Yankees' Jazz Chisholm, right, reacts after his solo home run...

Yankees' Jazz Chisholm, right, reacts after his solo home run during the second inning of a baseball game against the Philadelphia Phillies, Monday, July 29, 2024, in Philadelphia.  Credit: AP/Chris Szagola

PHILADELPHIA — The lineup Aaron Boone fielded Monday night was, in a word, different. And by Tuesday night, after the 6 p.m. trade deadline, it may well be even more different.

Even after Monday’s lineup produced six homers — two by Aaron Judge, who upped his MLB-leading total to 39; two by Jazz Chisholm Jr. and one each by Ben Rice and Anthony Volpe — in a 14-4 victory over the Phillies at Citizens Bank Park.

The Yankees (63-45), suddenly with three straight victories, are a half-game behind the AL East-leading Orioles. Led by three RBIs each from Chisholm, Juan Soto and Judge — who has 33 homers and 80 RBIs in his last 71 games — they outslugged the Phillies (an MLB-leading 65-41).

The Yankees have amassed 40 runs, 54 hits and 20 walks in the last four games.

“It’s super-exciting,” said Chisholm, who used Judge’s bat to hit his second homer off catcher Garrett Stubbs. “Who doesn’t want to come over and help a playoff-contending team win? These guys have been welcoming me with open arms and I can’t do much more except go out there and play my best.”

“He’s electric,” Judge said. “He’s excited to be here, he’s having fun. He’s definitely making a big impact so far.”

Giancarlo Stanton, who returned as the DH after a long stint on the injured list with a hamstring strain, certainly will be in Tuesday’s lineup when the Yankees go for a fourth straight win. However, other than Judge, Soto and Chisholm (and probably Volpe and Austin Wells), everything should be considered on the table.

The deadline looms, and general manager Brian Cashman continued working the phones Monday deep into the night trying to improve his roster — and, in the words of several rival executives, doing so “aggressively.”

Said Judge: “Other teams are making moves, so hopefully we start making moves too. We’ll see.”

Cashman made one big splash over the weekend, acquiring the dynamic Chisholm from the Marlins. He started in centerfield on Sunday night and looked more than competent while playing third base for the first time in his professional career on Monday night.

“I felt really comfortable at third,” he said. back in the infield felt great. That’s where I feel like I deserve to be.”

The Yankees believe Chisholm, a natural shortstop with a good arm, can make the transition because of his experience on the left side of the infield and his overall athleticism.
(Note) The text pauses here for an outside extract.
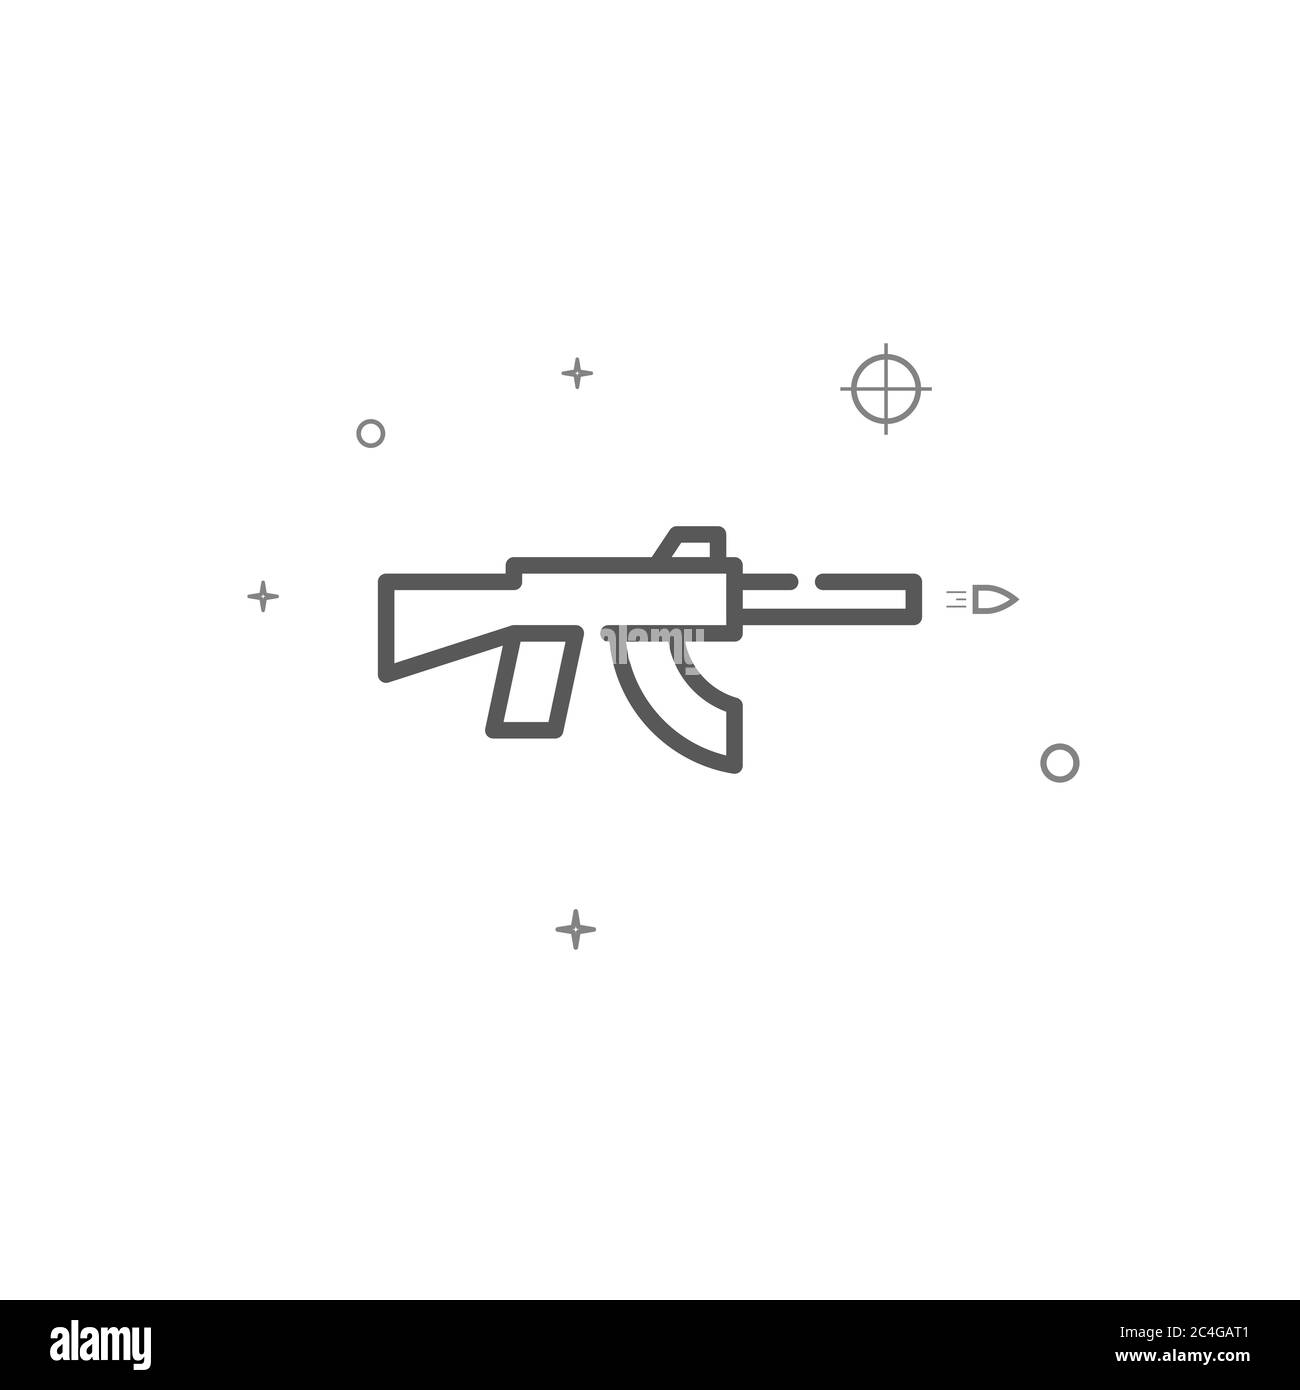 Kalashnikov assault rifle simple line icon. Weapons symbol, pictogram, sign. Light background. Stock Photo

He handled everything hit his way, successfully starting a 5-4-3 double play in the bottom of the first — after Judge’s homer gave Luis Gil a 1-0 lead in the top half — and making a diving catch of Nick Castellanos’ liner leading off the seventh.
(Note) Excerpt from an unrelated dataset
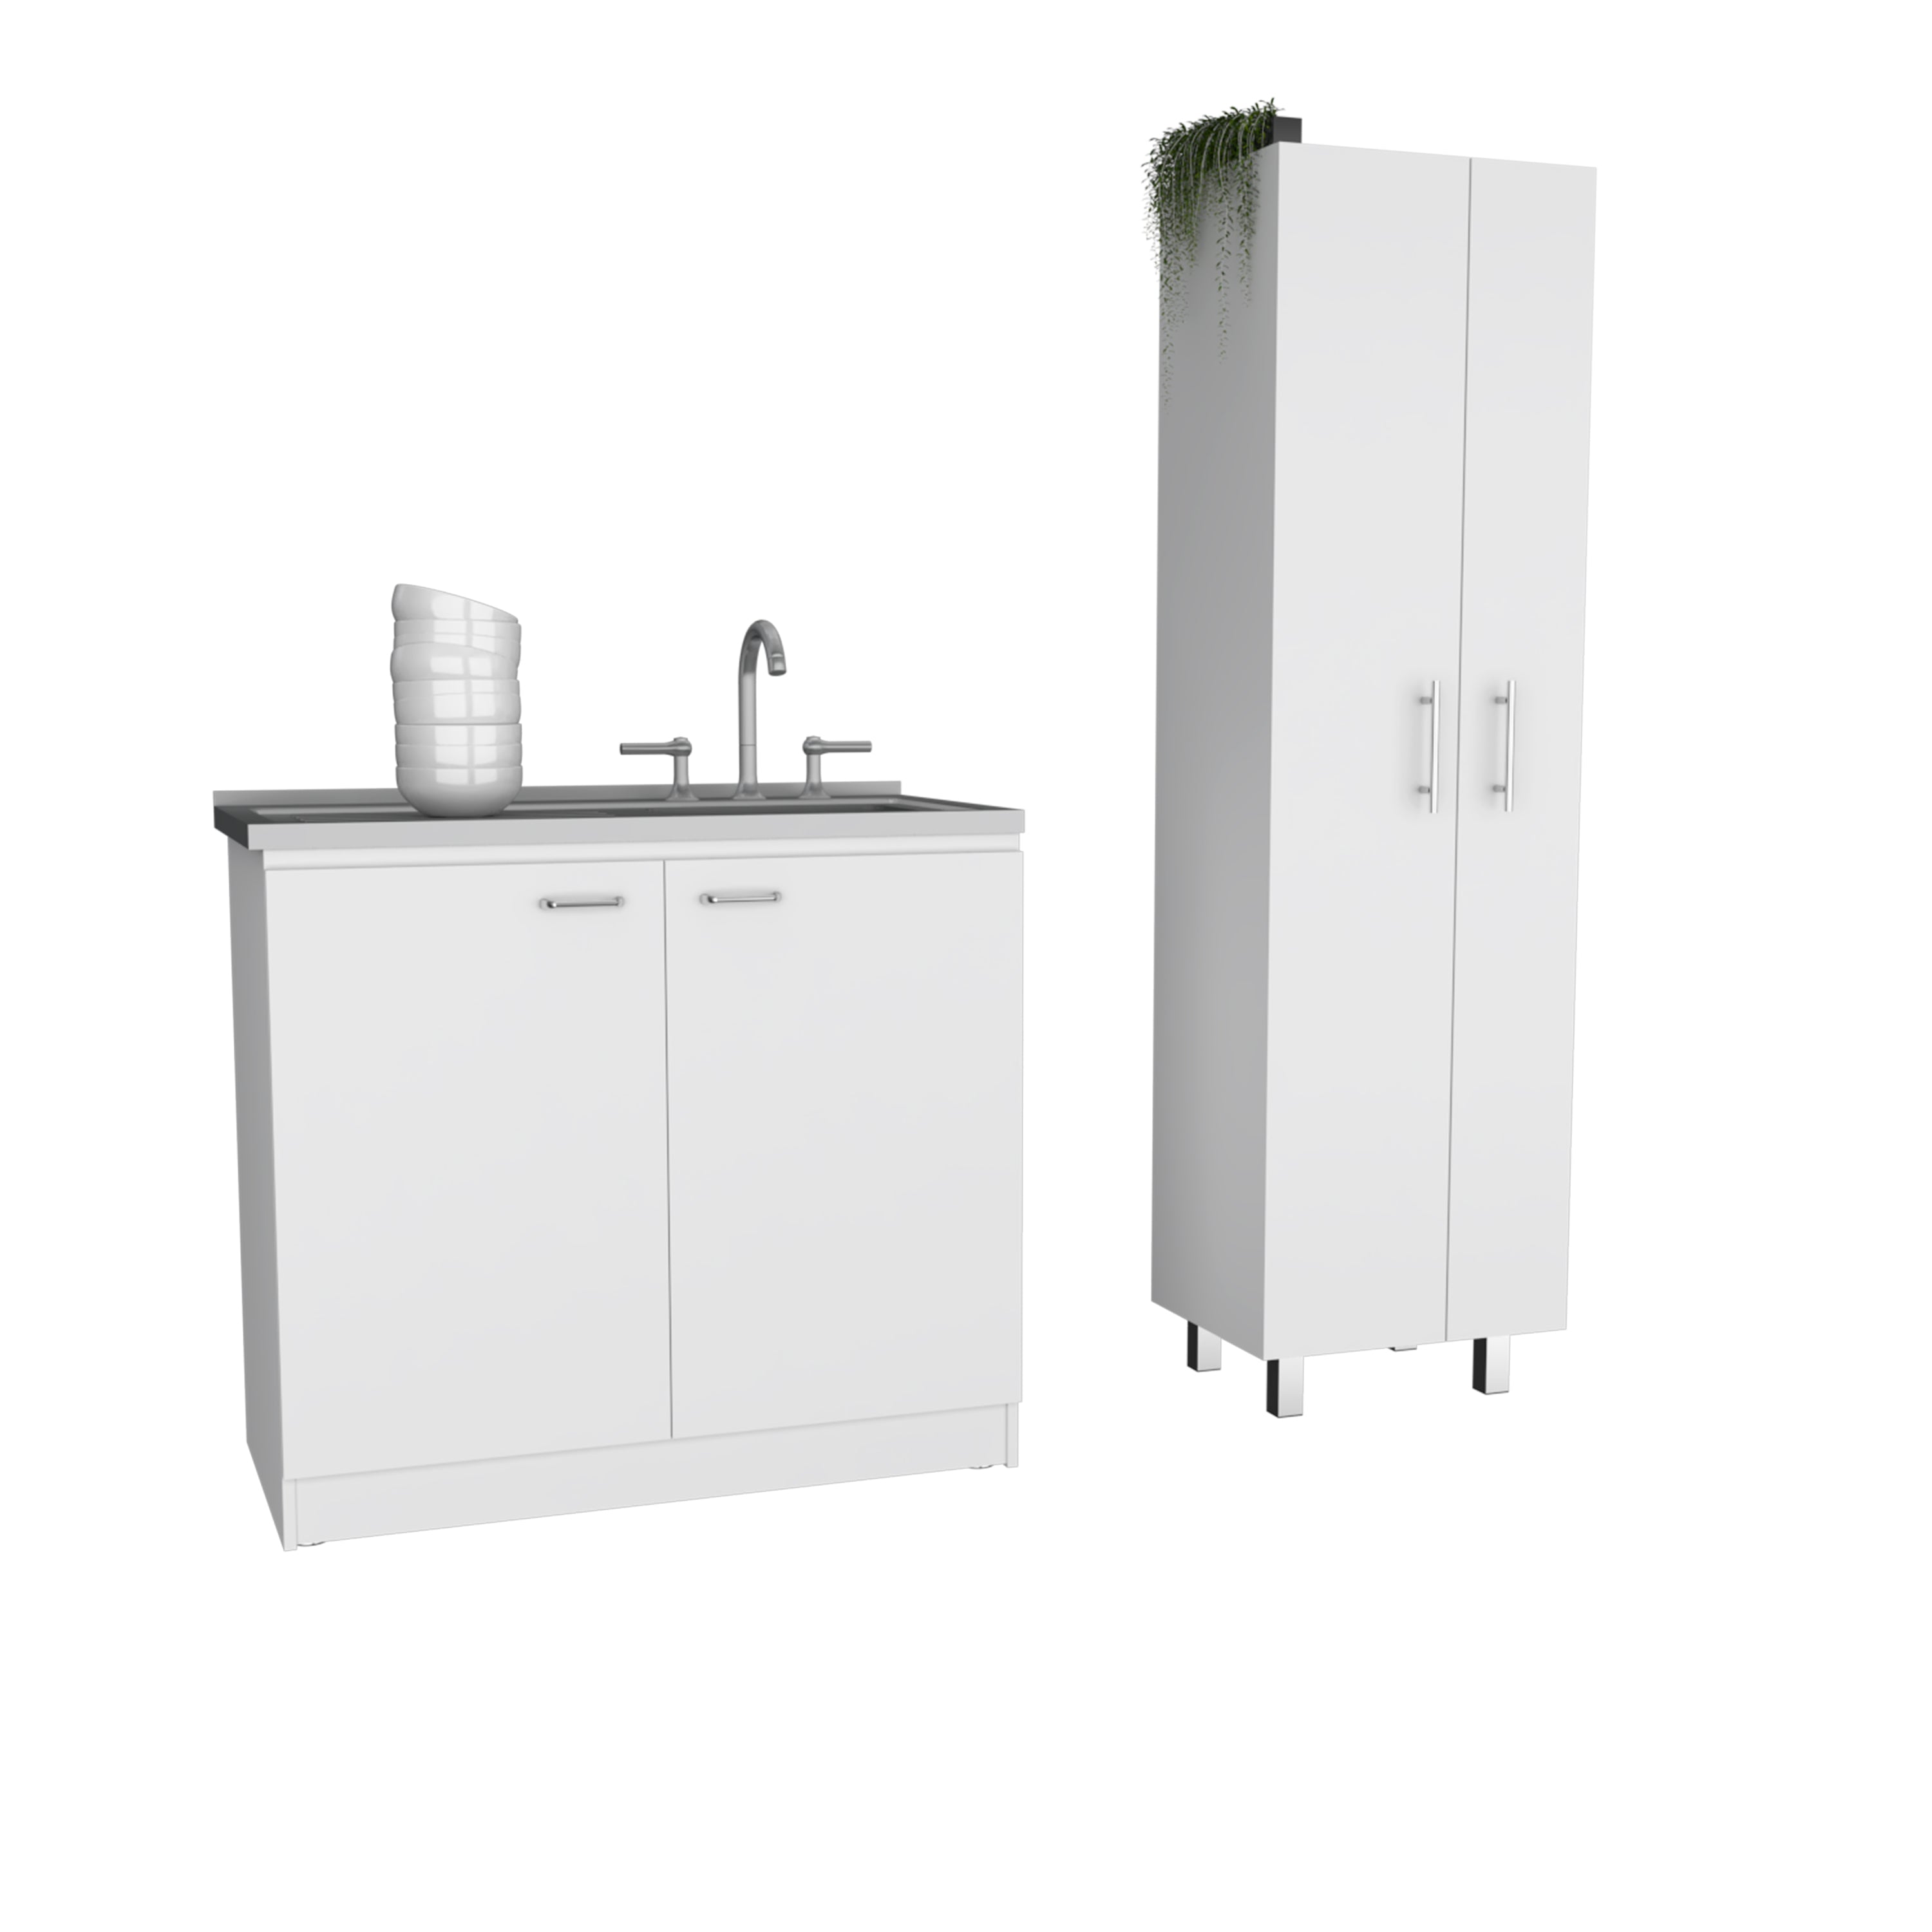 FM Furniture Safford 2 Piece Kitchen Set, Utility Sink Cabinet + Pantry Cabinet, White

Chisholm hit his 14th homer of the season and first as a Yankee in the second, an opposite-field shot. Two batters later, Rice made it 3-0 with his seventh homer. Soto’s two-run double and Wells’ two-out, two-run triple in the fifth gave the Yankees a 7-2 lead. They went ahead 9-3 in the seventh on Judge’s 430-foot two-run blast.
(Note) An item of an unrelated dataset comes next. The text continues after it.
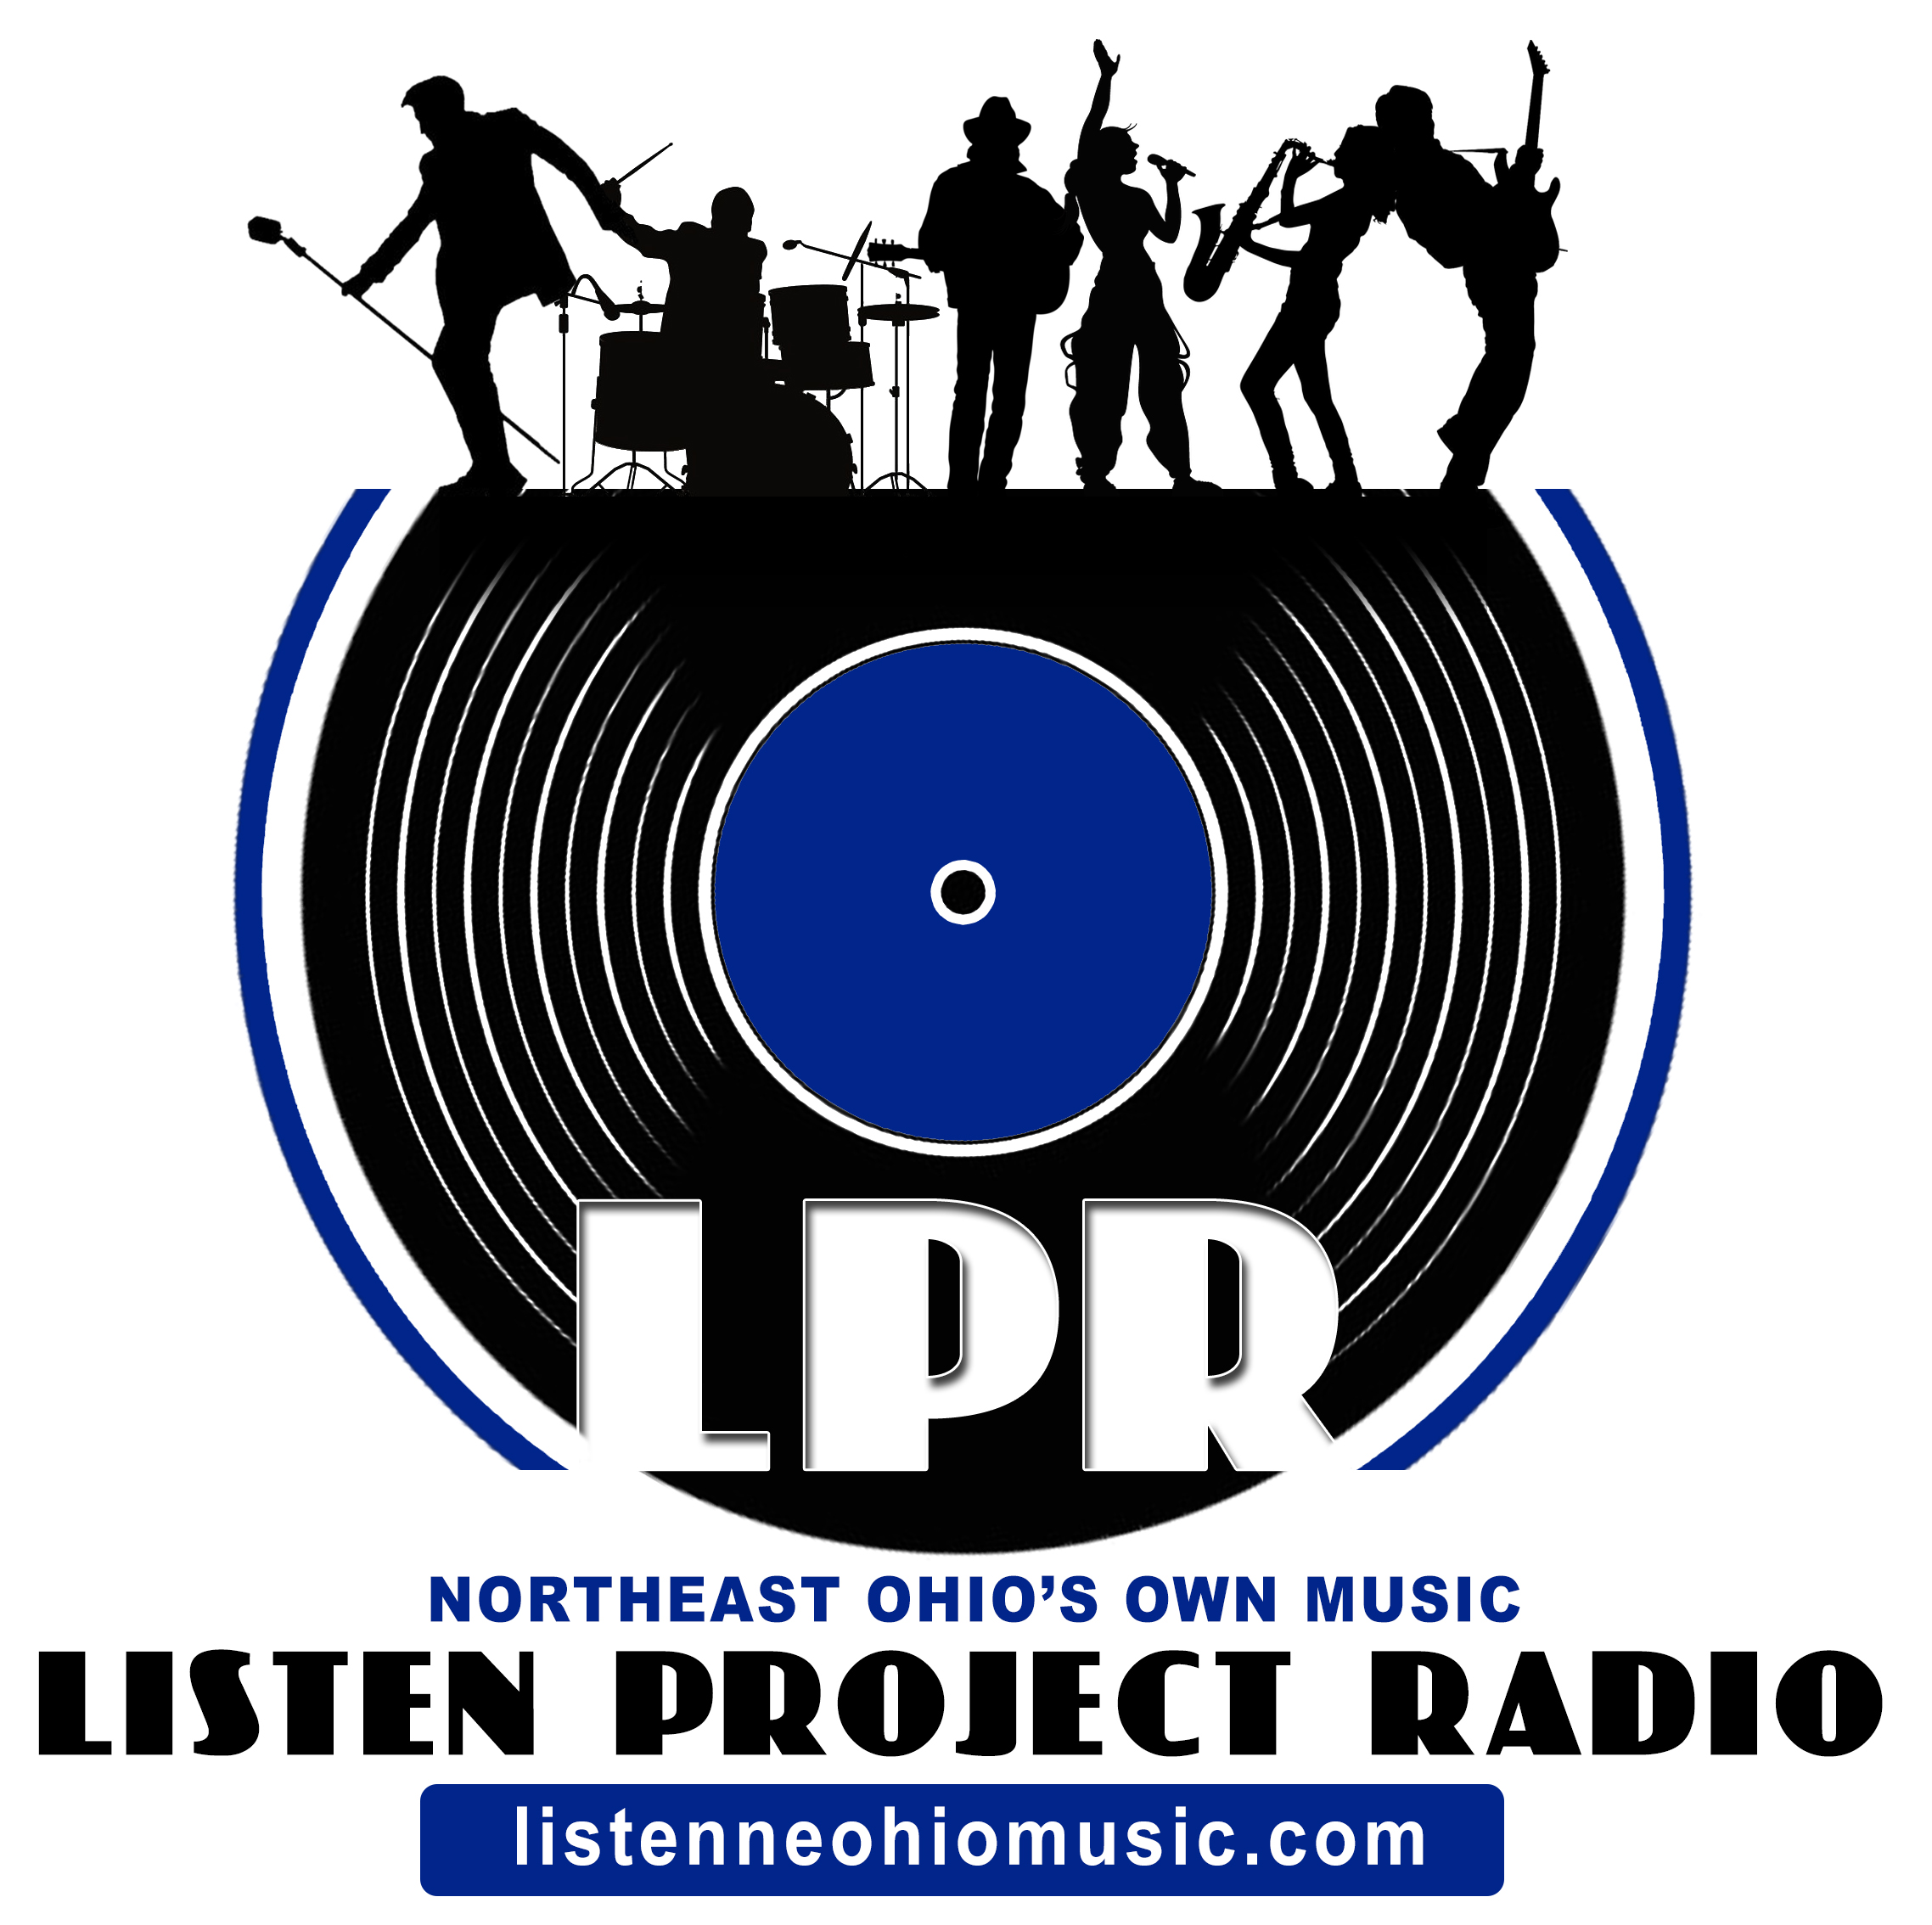 Art for LPR - Listen Project Radio by NE Ohio's OWN Music

What can’t be ignored is that the Yankees — whose pitching staff produces a lot of ground balls — started players at the corner infield spots who are learning those positions on the fly: Chisholm and Rice, who was drafted as a catcher.

“Look, there’s definitely things we gotta work through from that standpoint,” Boone said before Monday’s game. “Concerned? Maybe a little bit, but the one thing I know is I feel like we’re a much better roster today than we were a day ago, two days ago. Getting Giancarlo back, bringing in a dynamic player like Jazz, makes for a better roster and definitely more upside. Not a complete product yet, but we’ll work hard to make sure we do the best we can with it.”

For that reason, bringing in more corner infield help can’t be ruled out. Nor can anything on the pitching front.

The Yankees are borderline desperate for a lockdown bullpen piece or two. But as their rotation has mostly regressed the last five weeks — Gil, good of late, was OK against the powerful Phillies, allowing three runs, five hits and three walks in 5 1⁄3 innings in which he struck out eight — the Yankees have been engaged in the starter market, too.

“Right now, not thinking anything of it,” Nestor Cortes, Wednesday’s scheduled starter, said of his name coming up in various trade scenarios. “I have a job to do Wednesday and that’s my focus.”

Boone, who played 12 years in the big leagues, called it an “unsettling time for guys.”

“I look forward to getting through these next 24 hours where] it’s like, ‘All right, here we go, boys, this is what we’ve got, let’s go get ’em,’ ” he said. “I don’t know [if there will be additional moves]. Anything’s possible, I would say.”